"Professor, gostava de lhe contar uma coisa sobre as suas aulas de TIC", diz-me um antigo aluno. Para contexto, estava na Futurália a colocar os visitantes do espaço da DGE a experimentar inteligência artificial generativa, quando reparo num jovem sentado, a sorrir. "Não queres experimentar isto", pergunto-lhe. "Ah, não se lembra de mim, professor? Fui seu aluno há uns anos, na Venda do Pinheiro...
Pelo rosto, não ia lá (sou extemamente distraído e cabeça na lua), mas o nome trouxe-me algumas memórias. Falámos um pouco, ele, jovem millenial, colocou-me ao corrente dos seus desafios e aprendizagens em cursos profissionais, voluntariado e viagens. É sempre bom saber quando os nossos antigos alunos encontram o seu caminho na vida, e sempre de formas imprevisíveis quando estavam connosco.
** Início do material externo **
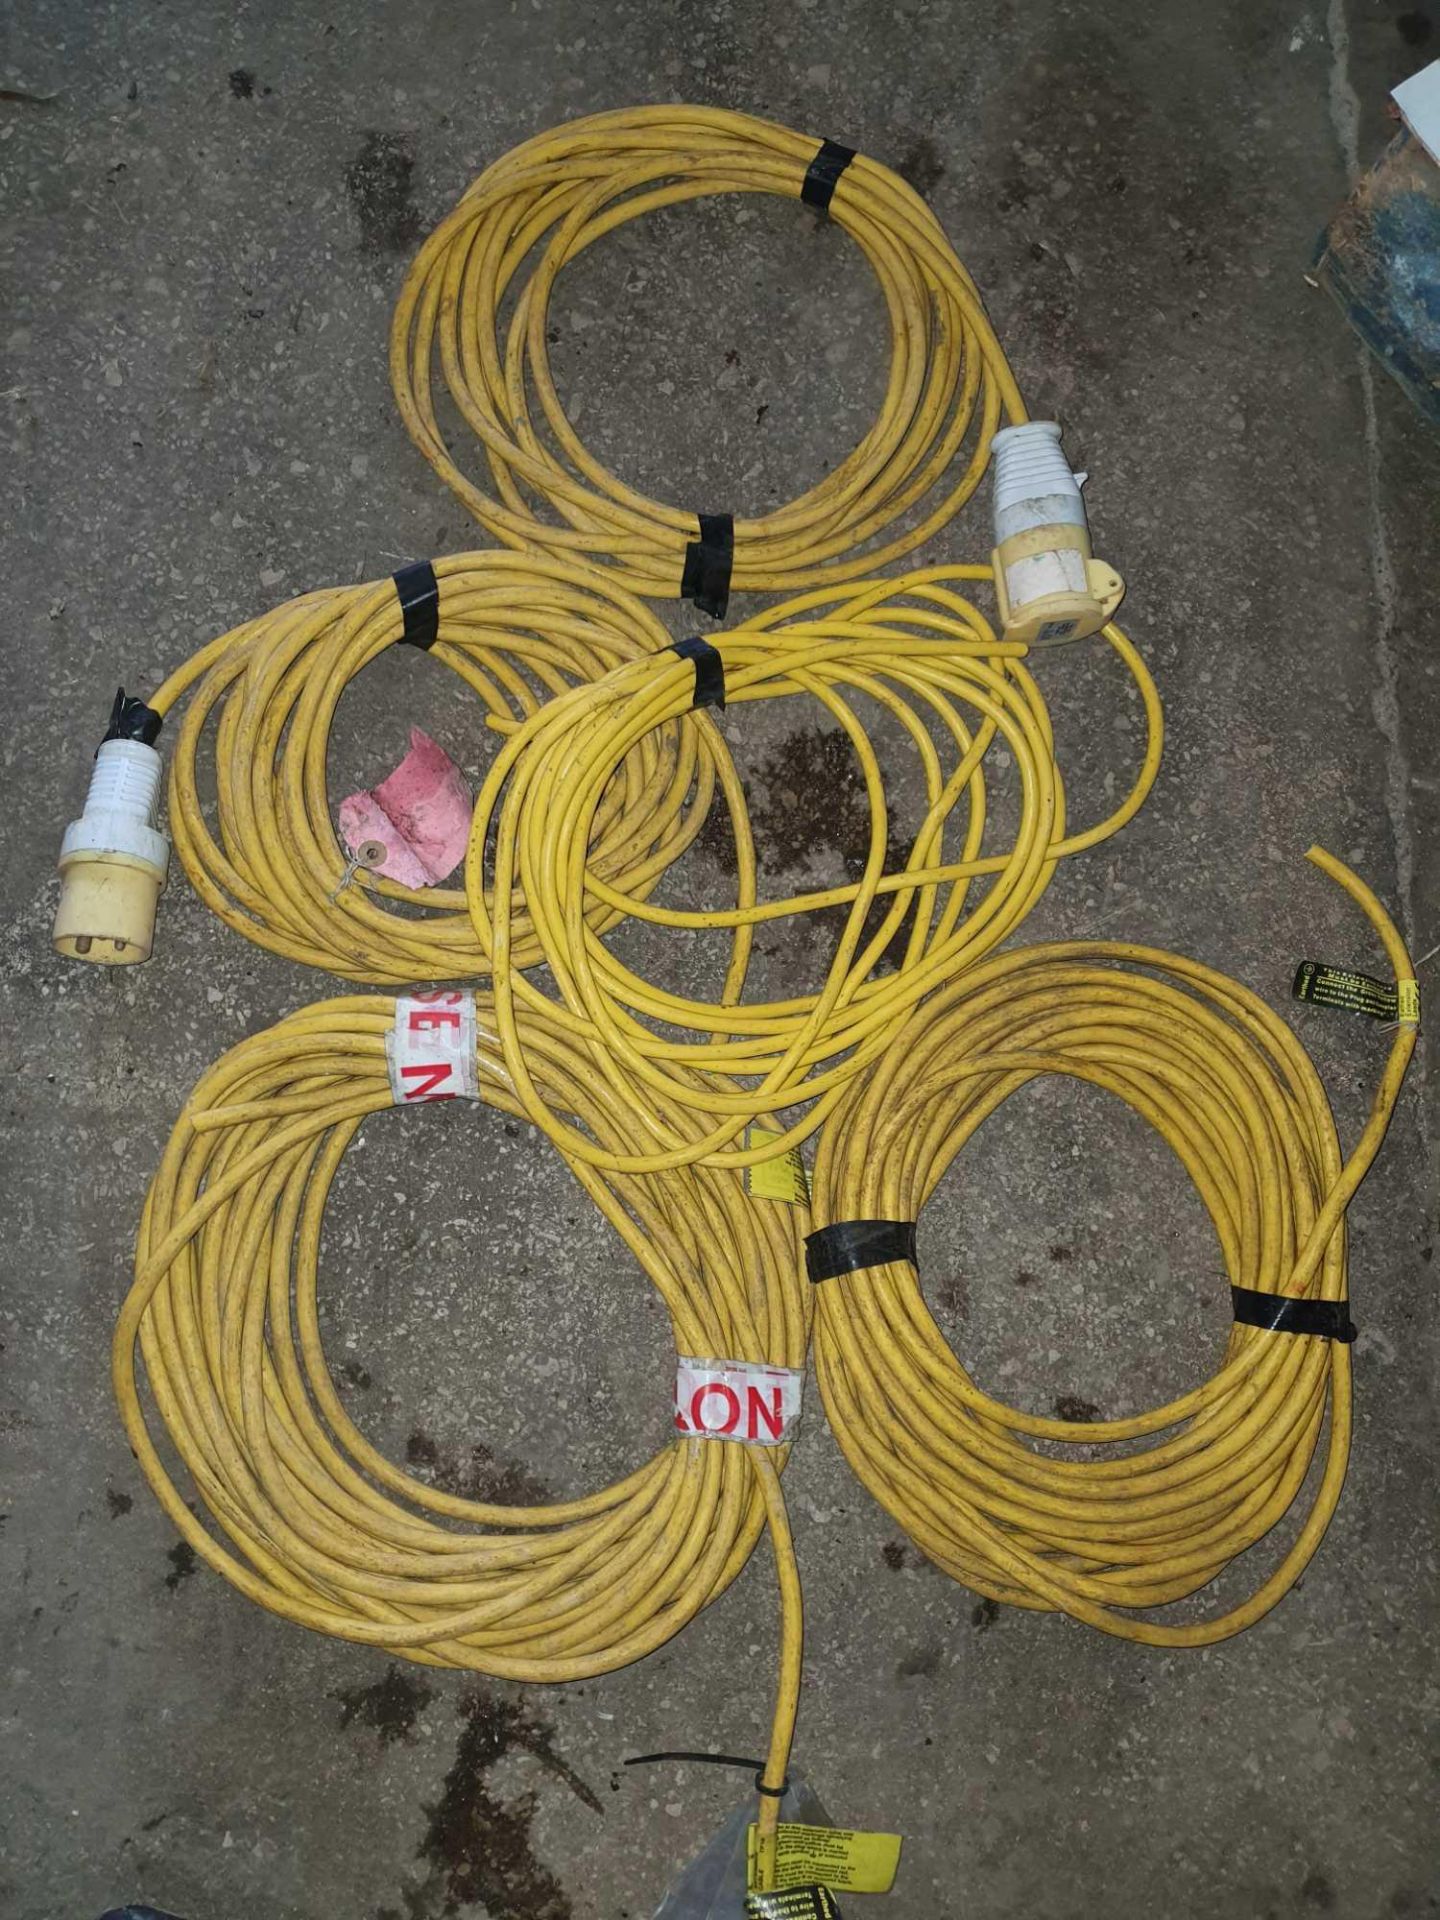 5 x 110v extention lead

Interrompe a conversa, sorri, e diz-me que tem uma coisa para me dizer. Sobre as aulas de TIC. "Olhe, professor, deve-se lembrar que fui seu aluno no sétimo ano, e depois mudei de escola, para a zona de Sintra. Consigo aprendi a fazer 3D, vídeo, também... mas depois..." E então, perguntei. "Olhe, depois de sair da sua escola, foi um completo retrocesso! Passei o oitavo e nono ano só a fazer exercicios no Word..."
"Foi mesmo andar para trás, " observa. "Eu bem dizia aos meus professores que se podia fazer outras coisas, mas eles nada, um completo retrocesso... depois daquilo que me mostrou que se podia fazer com a tecnologia..."
Fiquei num misto de alegria e surpresa, claro, pelas palavras, pelo que me relatava. Concluiu que só voltou a sentir que estava realmente a aprender no secundário, quando em disciplinas de informática aplicou o que tinha aprendido comigo sobre modelação 3D em Sketchup.
Expliquei-lhe que as coisas mudaram, que o programa de TIC agora é ainda mais interessante do que era quando ele tinha sido meu aluno. Mas, enfim, há ainda muito que fazer.
"Sabe, professor, " remata antes de se despedir, suspeito que para a vida, porque a educação tem destas coisas, raramente os futuros se cruzam, "sempre lhe quis dizer isto. Vocês, raramente lhes dizem estas coisas".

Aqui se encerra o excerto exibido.